Interactive Voice Response (IVR) Systems have been deployed for quite some time for customer specific data interaction via a phone with optional Text-to-Speech (TTS) and Automated Speech Recognition (ASR) more commonly referred to as speech recognition. An enormous number of different speech self-service applications have been successfully deployed. They include customer service applications in financial services, travel, catalog, and telecom. Many internal enterprise applications are also common, such as password reset and human resource benefits enrollment.

 

The concentration for speech recognition is on call / contact center applications, but the material applies equally well to any function that can be processed by telephone.
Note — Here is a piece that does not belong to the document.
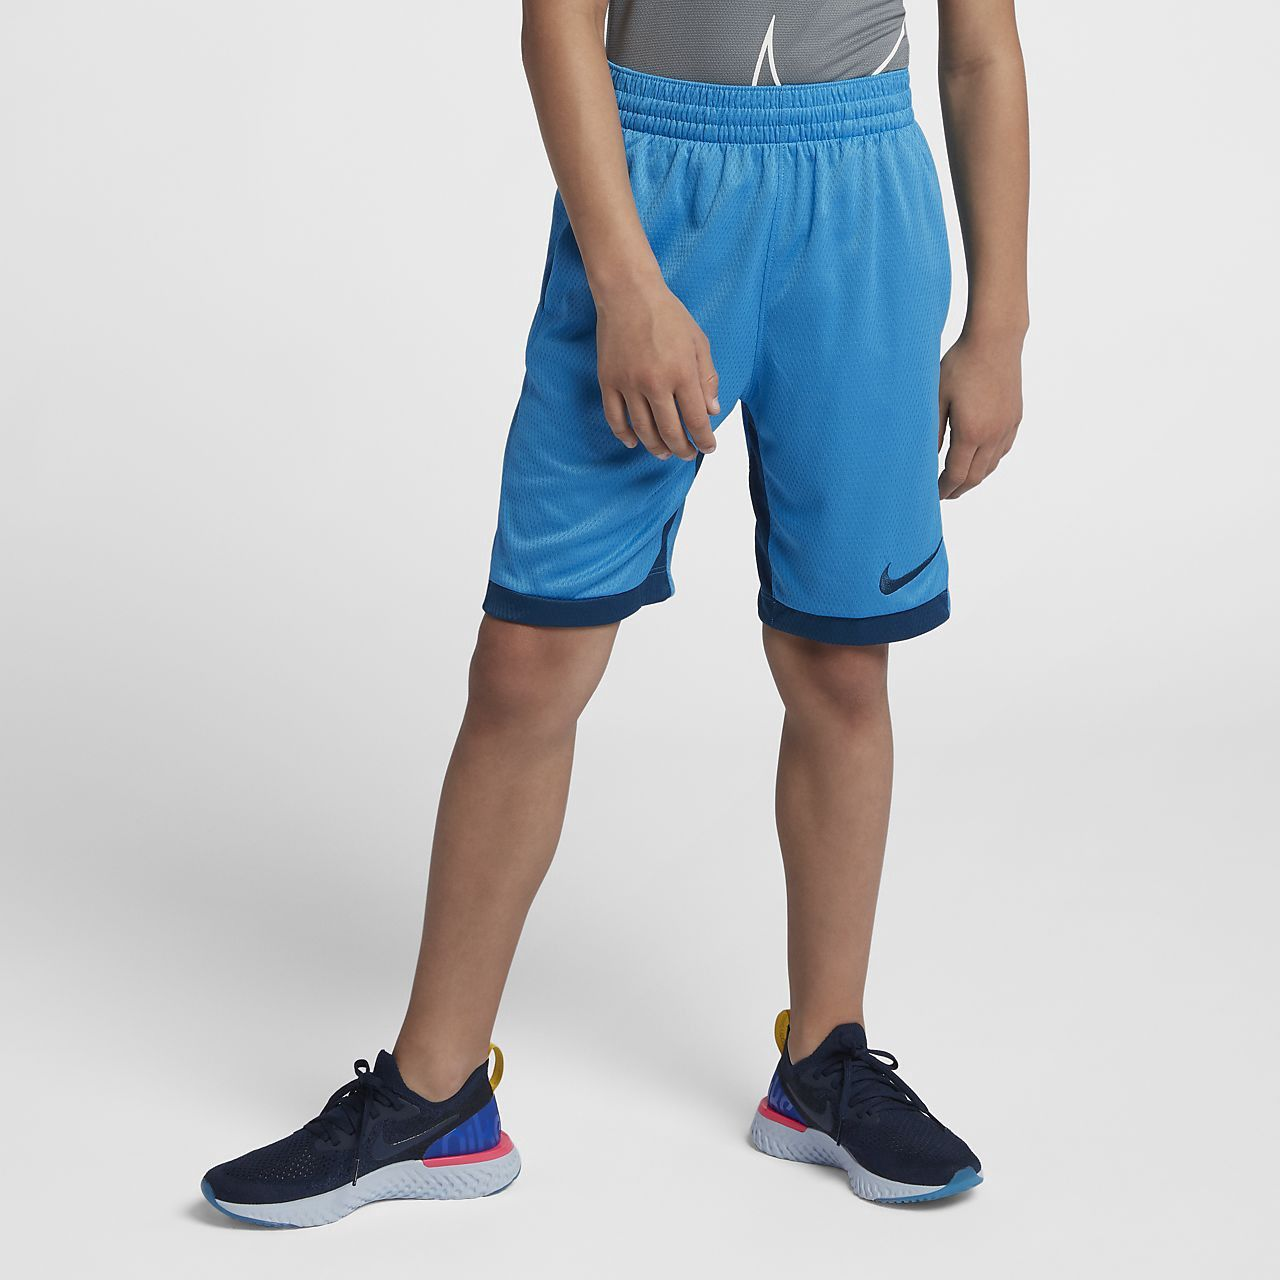 a087b4876d3a Nike Dri-FIT Trophy Big Kids  (Boys ) Training Shorts by Nike ...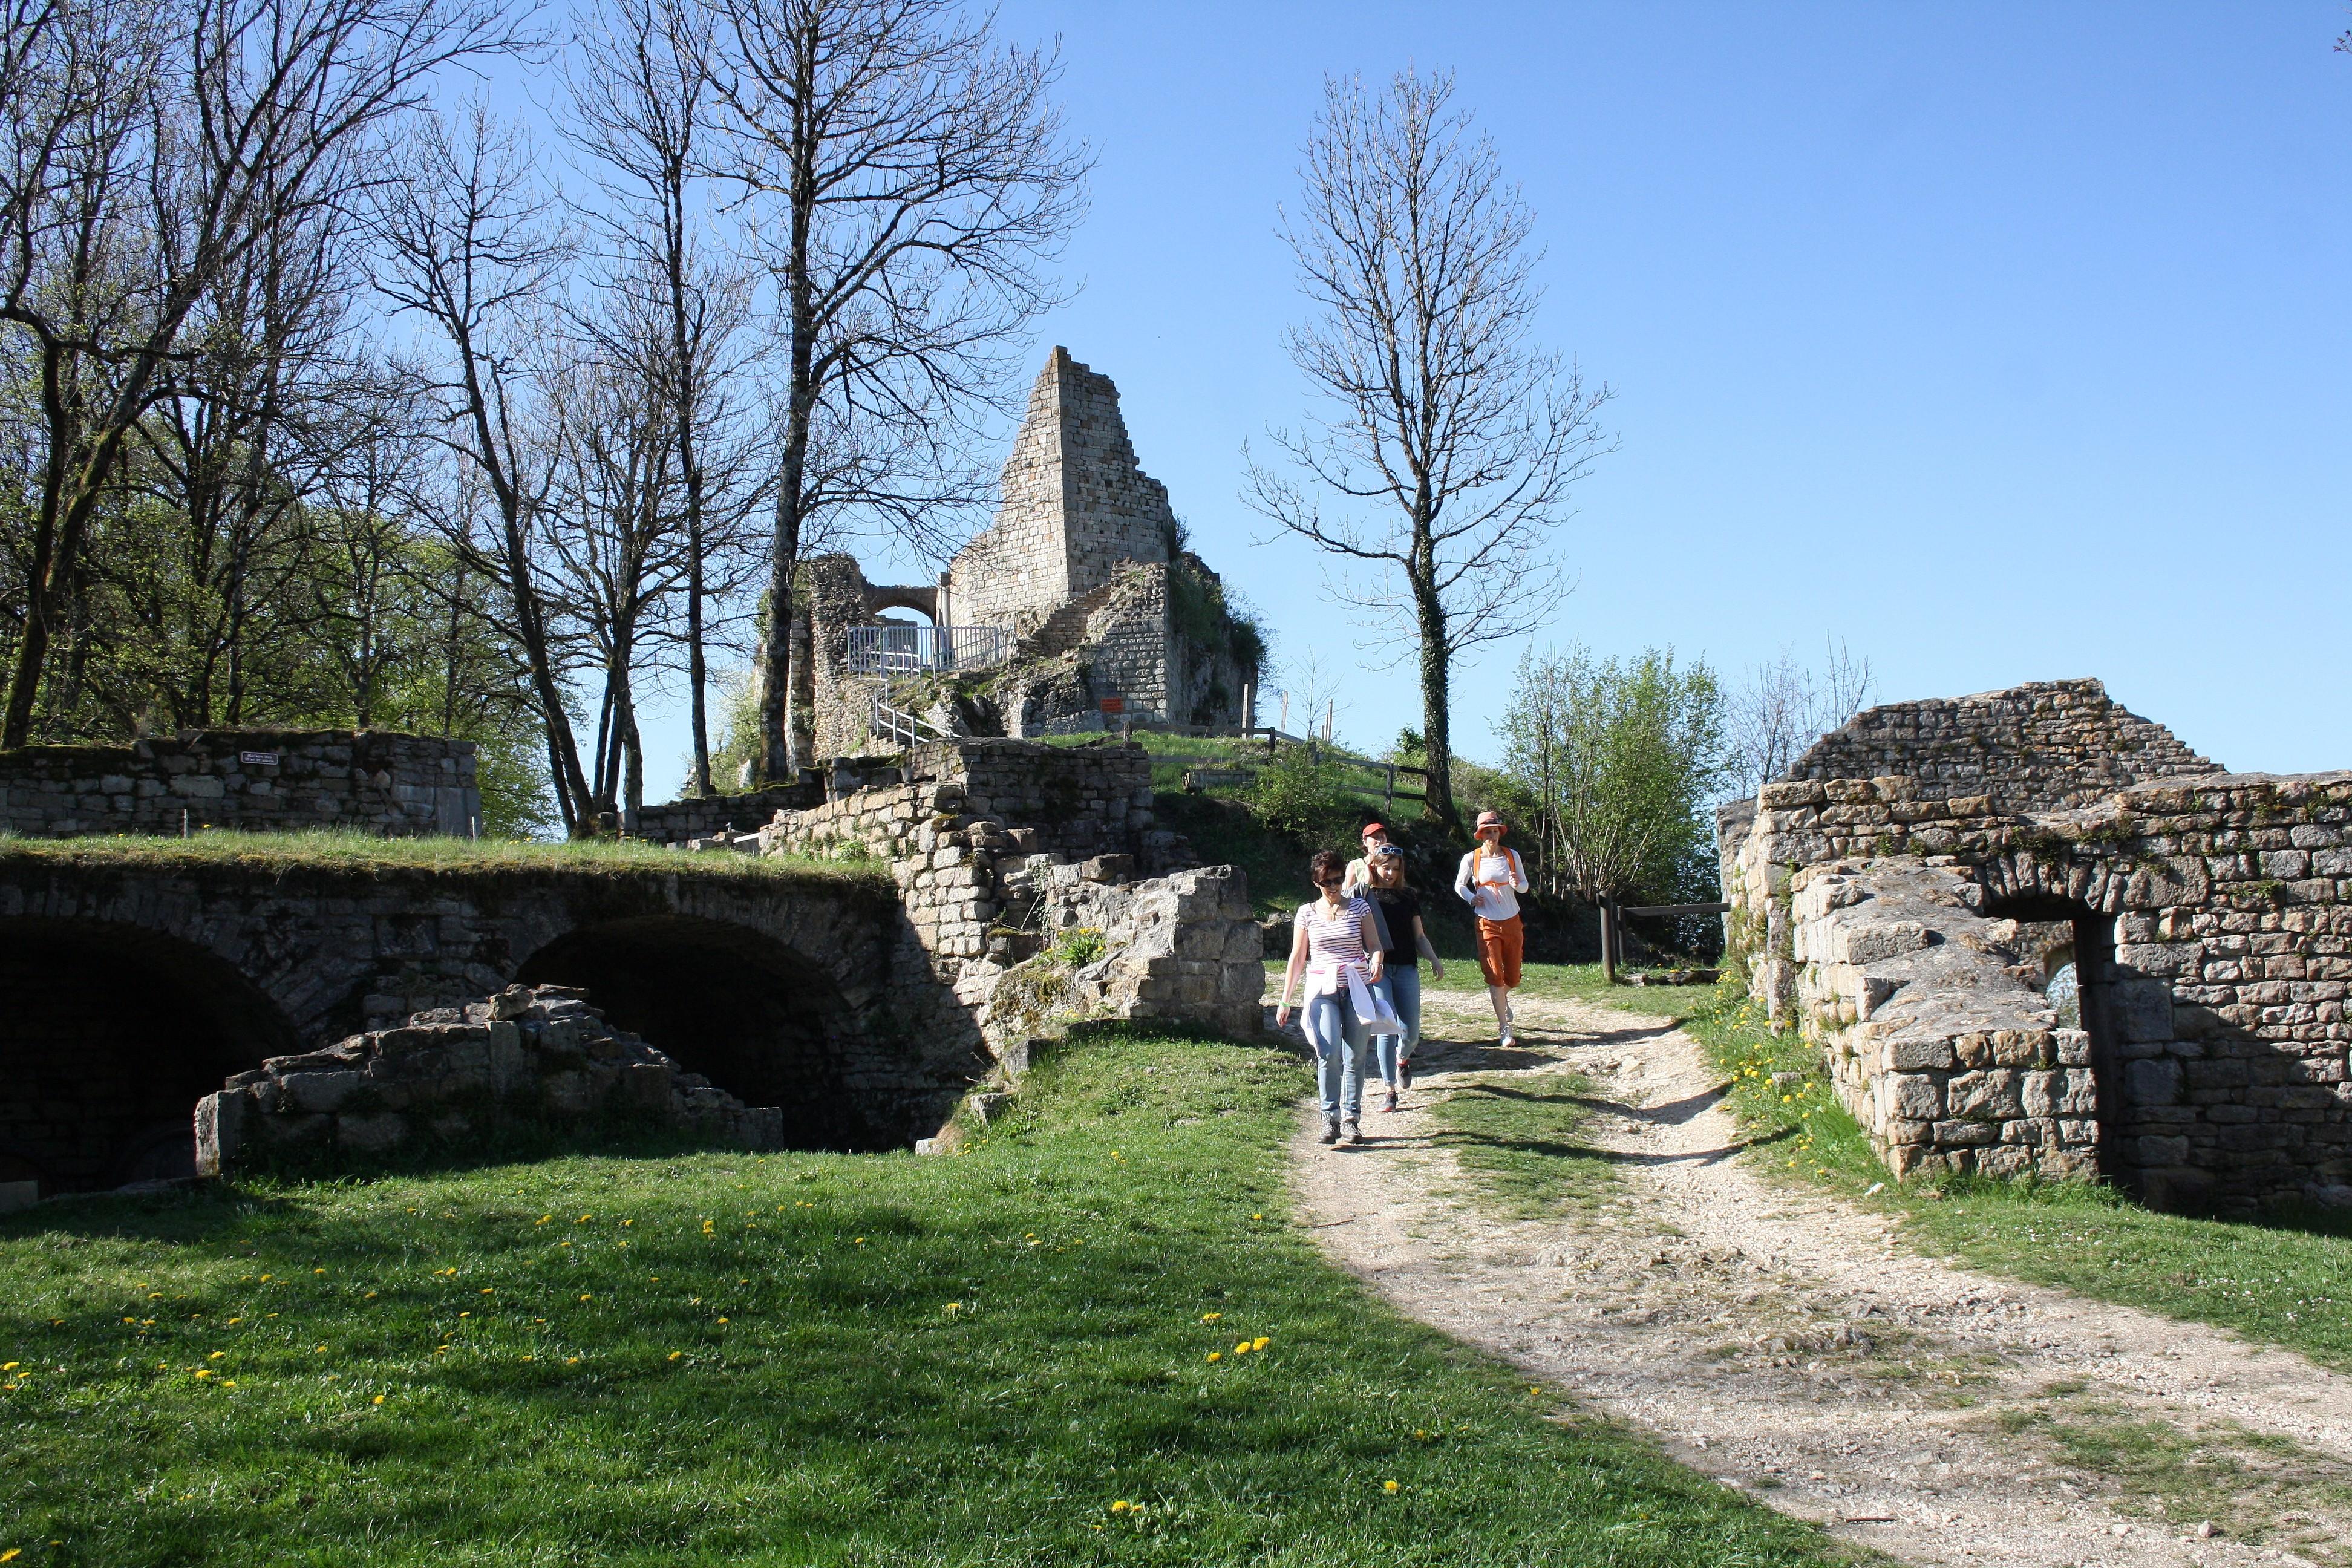 2017-04-09 - Trail-Montfaucon (190)

Such applications are dependent on specific organizational requirements but warrant research relative to the capabilities that may already be in place within the contact center, and to extend these capabilities throughout the enterprise including mobile workers. New telecommunication standards such as Session Initiated Protocol (SIP), which incorporates new communication features such as presence, enables real-time multi-media communications over IP, including toll quality voice, in the same way that Hyper-text Transfer Protocol (HTTP) provides the exchange of files over IP either within the enterprise or via the Internet. The fact that these two capabilities can now be combined over the same network for voice and data provides opportunities for new self-service applications.